The basic vocabulary is already there and in the most recently updated of the lists, the new Oxford 3000 has both climate (on their main list) and climate change (on their phrase list) featuring as early as A2 level.

But, I hear you cry, climate change is old hat, people are now waking up to something more urgent and dramatic. We need to be talking in terms of a climate emergency or a climate crisis. We need climate strikes that lead to climate action.

If we go back to corpus data though, it soon becomes clear that while these terms have indeed spiked in usage in recent months, they still aren’t yet dominant forces in terms of overall frequency. I looked at two different monitor corpora – that is a corpus of recently-collected language data that’s used to track current usage – to see how the word climate is used generally. The charts below show the top ten collocates (focusing on words modified by climate) by relative frequency.

Monco Corpus - Climate
JSI Corpus - Climate

It’s very clear that climate change is still overwhelmingly more frequent than any of the other combinations, justifying its inclusion on the ELT wordlists above. One reason that some of the other phrases are far less frequent may be that they haven’t cottoned on widely enough; those boomer mainstream journalists just ain’t woke! It’s also likely down to the fact that the terminology just hasn’t settled yet. While several combinations have clearly been trending, as evidenced by the WoTY choices, there’s no clear consensus yet about exactly which terms work best to describe our current situation. It’s very difficult to predict which terms will catch on or indeed which ones will be superseded by something else in a year or two’s time.
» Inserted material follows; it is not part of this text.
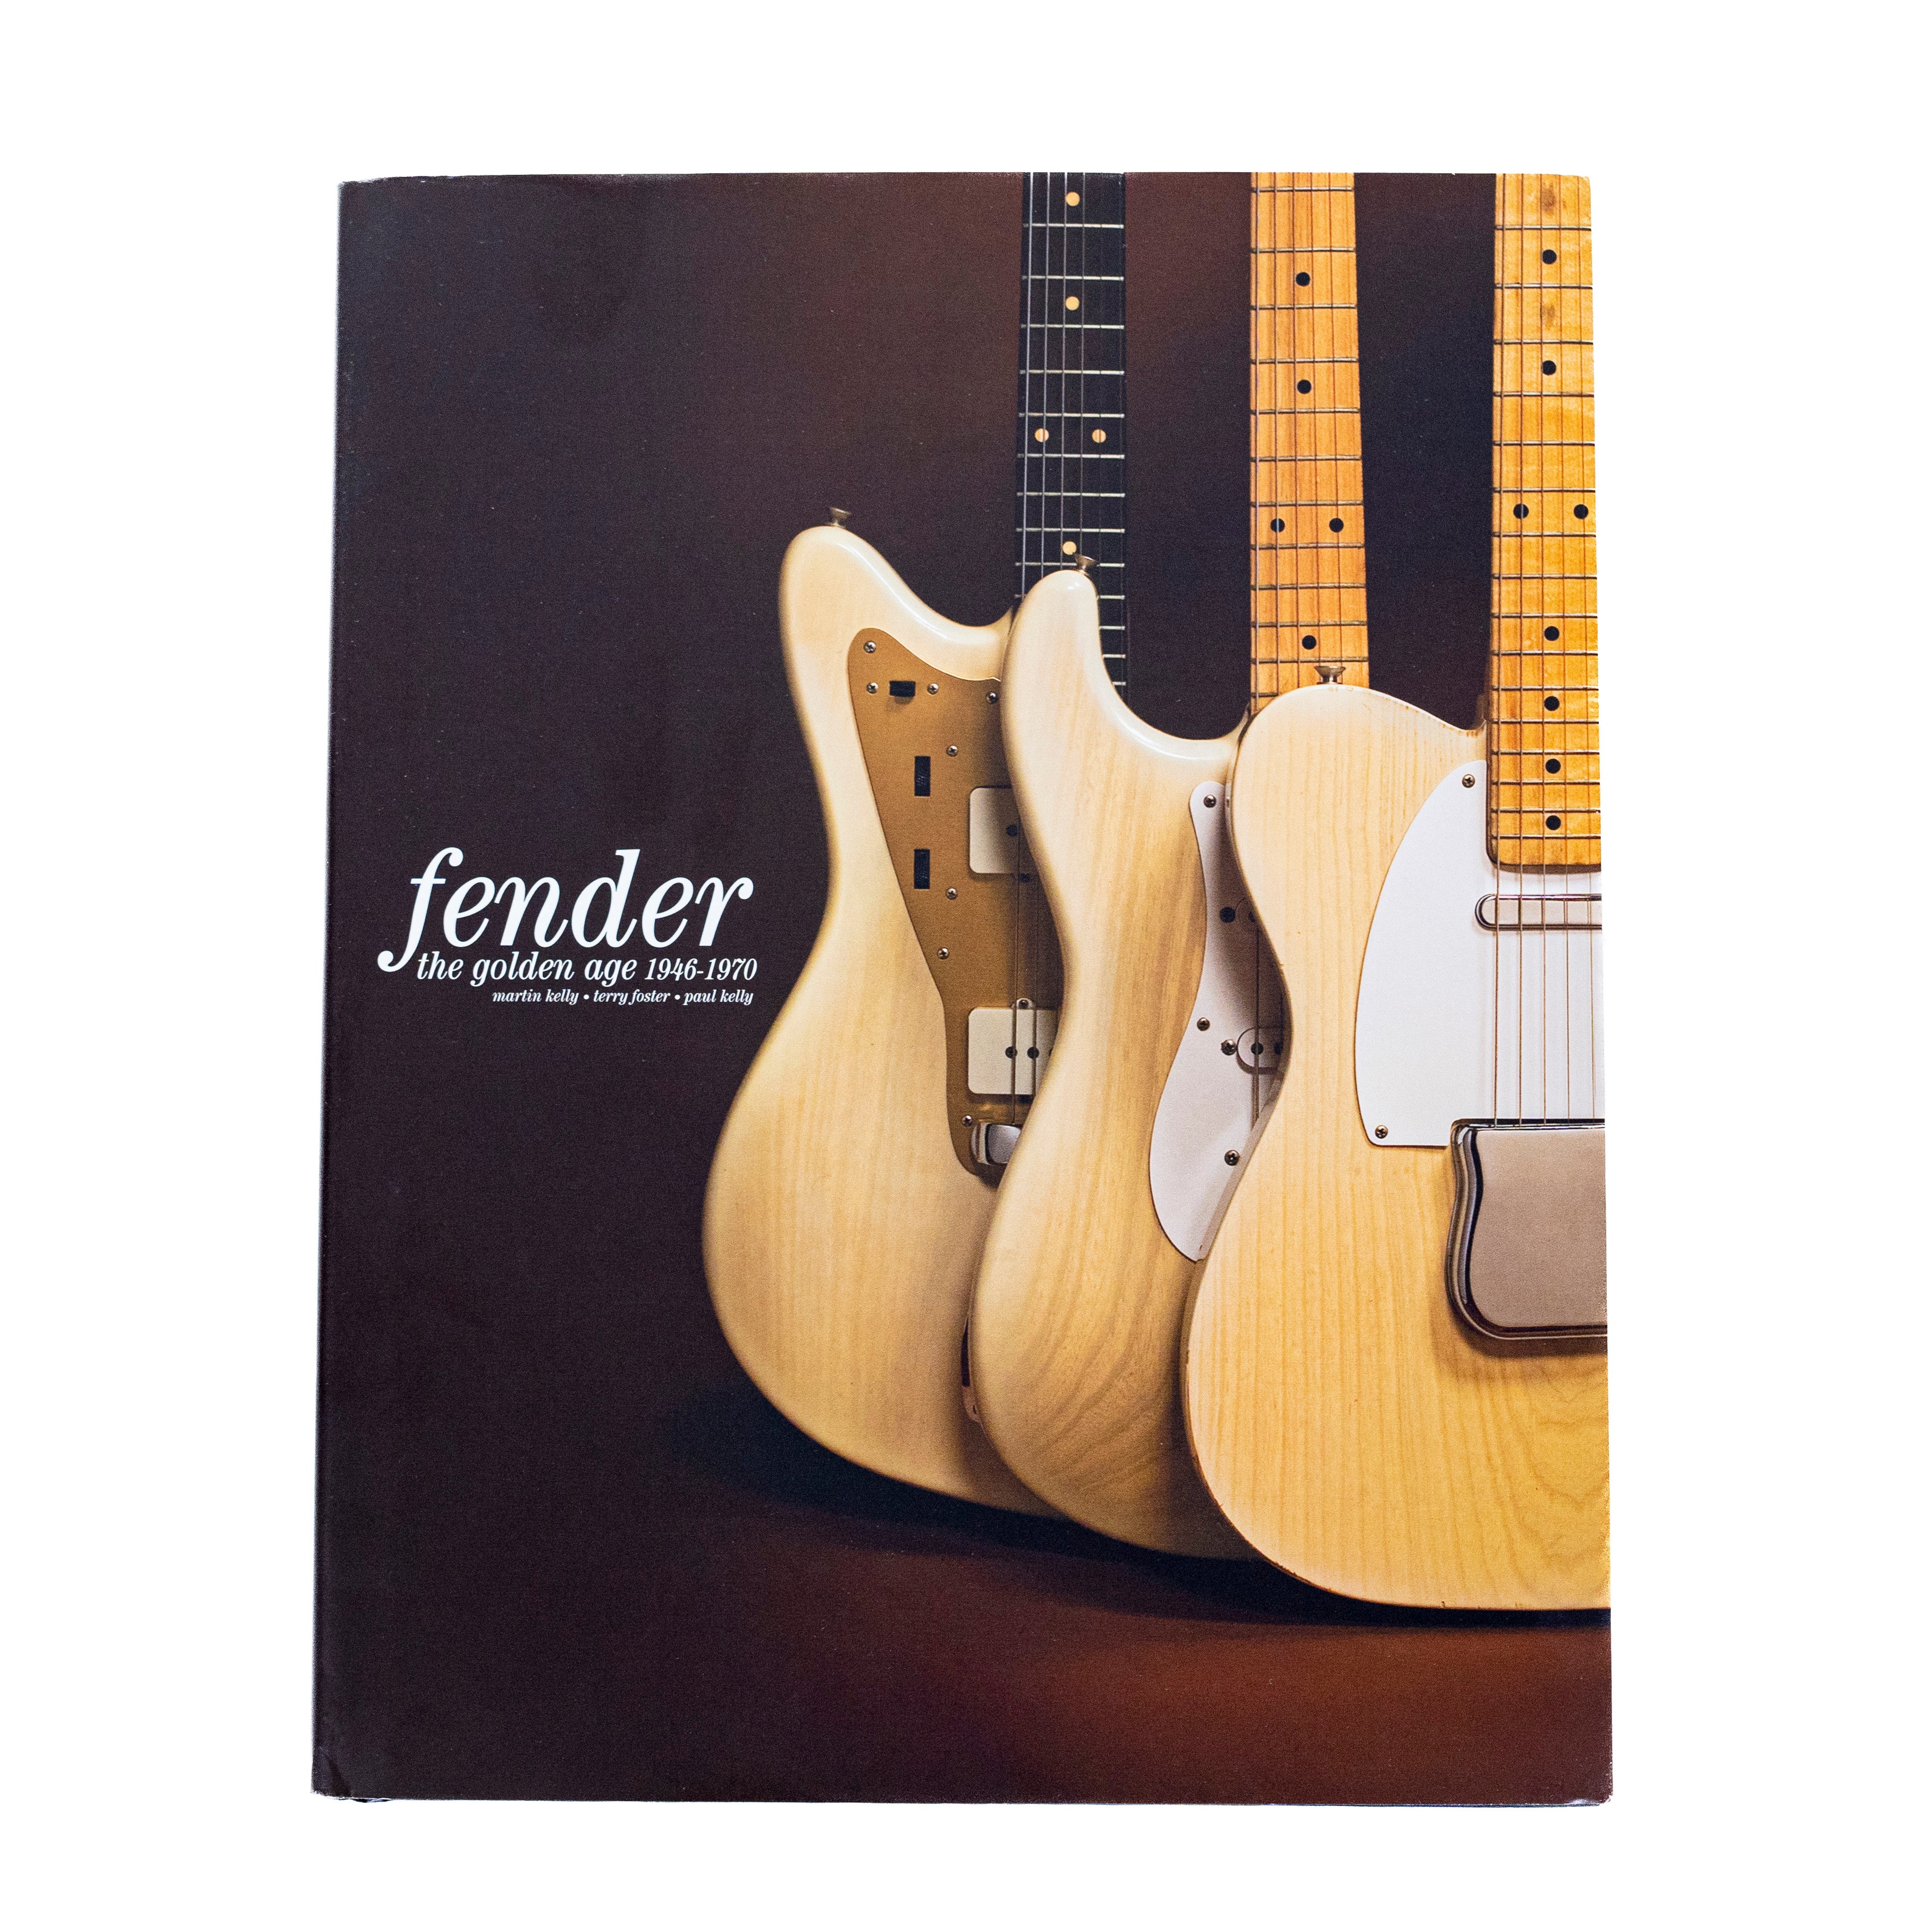 Fender: The Golden Age 1946-1970 - Hardcover Book by Terry Foster

The wordlists used by ELT publishers are based on criteria around frequency in order to ensure that the basic vocabulary we teach is going to be generally useful for students. They can’t just add words willy nilly because they’re currently trending. When something becomes frequent enough to merit inclusion, like climate change, it goes in. It’d look a bit silly if climate emergency was suddenly touted as a must-teach term only to have it fade from usage or be outgunned by climate crisis or climate catastrophe a few months along the line. And what comes after the crisis has been declared? Well, there’s already talk of climate action by climate activists and looking at the corpus data, climate goals, climate targets, climate adaptation, climate strategies and climate solutions are all gaining ground.

All of which points to climate as a really key item of vocabulary that should be appearing in our ELT materials and which writers can justify including based on existing published wordlists. And remember, both publishers and vocabulary learning researchers agree that frequency-based wordlists provide a basis for a vocabulary syllabus but need to be taught alongside a good sprinkling of off-list topic vocabulary too.

Where we take it from here though I think will come down much more to classroom teachers using words like climate and environment as a springboard for discussing whatever other terms are relevant at the time they’re teaching.  You could use these Words of the Year as a starting point for discussion, take a look at some of the other ecovocabulary highlighted in dictionary blogs and activities this year, such as here  and here , compare the terms currently trending in your students’ own L1s or even explore collocations of key words directly with your students using a simple corpus tool like SkELL (designed for language learners) – try searching for words like climate, footprint, waste and environmental and clicking on ‘Word sketch’ to see the top collocates.

However you choose to tackle it though, we clearly do need to equip our learners with the language they’ll need to talk about the changing world they face. We can take our lead from linguists, lexicographers and published materials, but it’s really teachers on the ground who know what’s most relevant to their students and their context.